I will be going to La Paz late September and October. 

Does anyone know of interesting events going on in that time in Baja California Sur? Or any good websites with events and festival listings in the area?

Thanks in advance 

Cass


----------



## makaloco (Mar 26, 2009)

Hi there, here you go:
http://www.rozinlapaz.com/
Late summer tends to be a slow time in La Paz, but you'll still find plenty going on. Note that there's a link to a map where it says "Venues" on the home page. Many events are within walking distance of the Malecón. Enjoy your stay!


----------



## chicois8 (Aug 8, 2009)

Go to:
Baja Nomad - Taking You Back to Baja!

Go to forums and ask there....


----------



## MrOctober430 (Jul 15, 2011)

Is it true La Paz has a high crime rate?


----------



## chicois8 (Aug 8, 2009)

I just was there last week and did not see or hear of any problems, it was nice to see thousands of people walking along the malecon after 9PM...There is also a bicycle lane just off the malecon so pedestrians do not have to worry about bicycle traffic.
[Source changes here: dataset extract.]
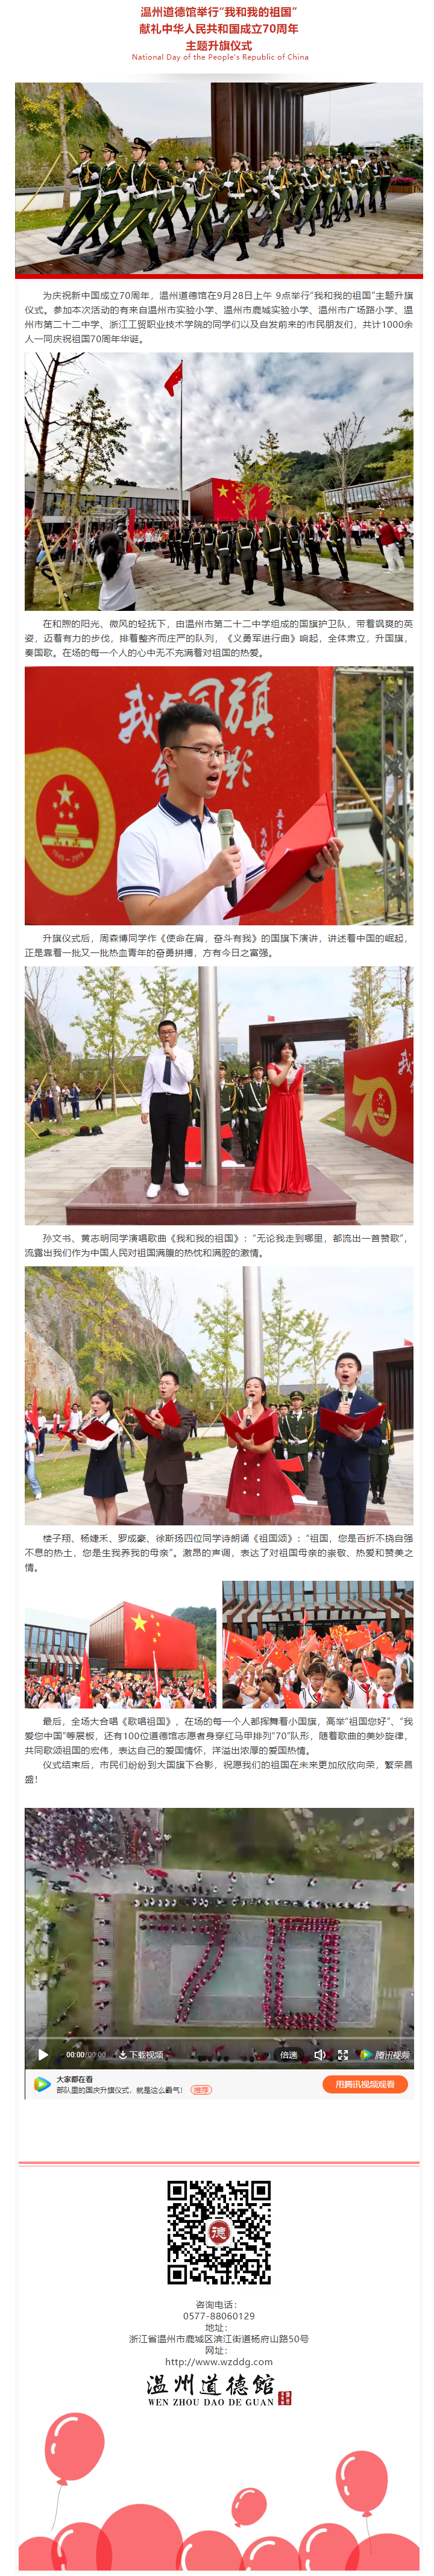 温州道德馆献礼中华人民共和国成立70周年主题升旗仪式.png
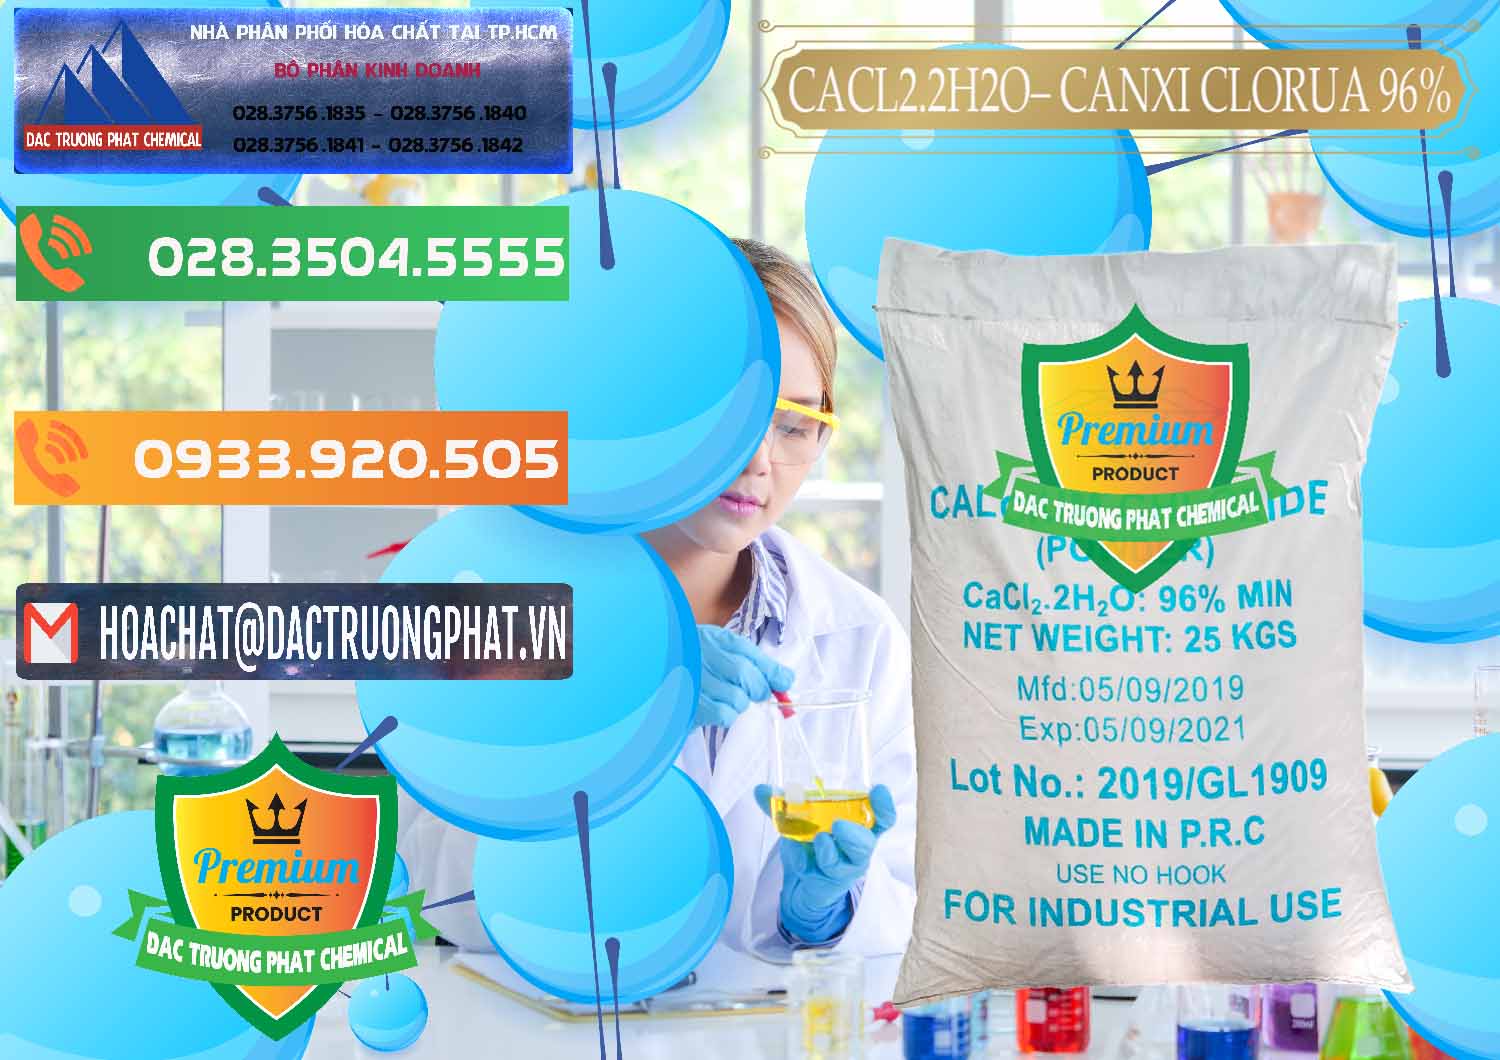 Công ty cung cấp và bán CaCl2 – Canxi Clorua 96% Logo Kim Cương Trung Quốc China - 0040 - Cty cung cấp - phân phối hóa chất tại TP.HCM - hoachatxulynuoc.com.vn

Remember La Paz translates to The Peace in English. Also it can be very hot there and it is still hurricane season during your planned time of visit.


----------



## makaloco (Mar 26, 2009)

MrOctober430 said:


> Is it true La Paz has a high crime rate?


Not that I know of, and I've lived here for more than five years. There's crime in any city, of course, but in La Paz it seems to be mostly petty and property crime. I don't have any stats, but my understanding is that violent crime and organized crime rates are fairly low relative to most other parts of the country.


----------



## CMurph (Aug 10, 2012)

Hi,

makaloco and chicois8 thanks, I will check those out!
FYI I found this site, which seems to be a great resource! baja (dot) com

Thank you all


----------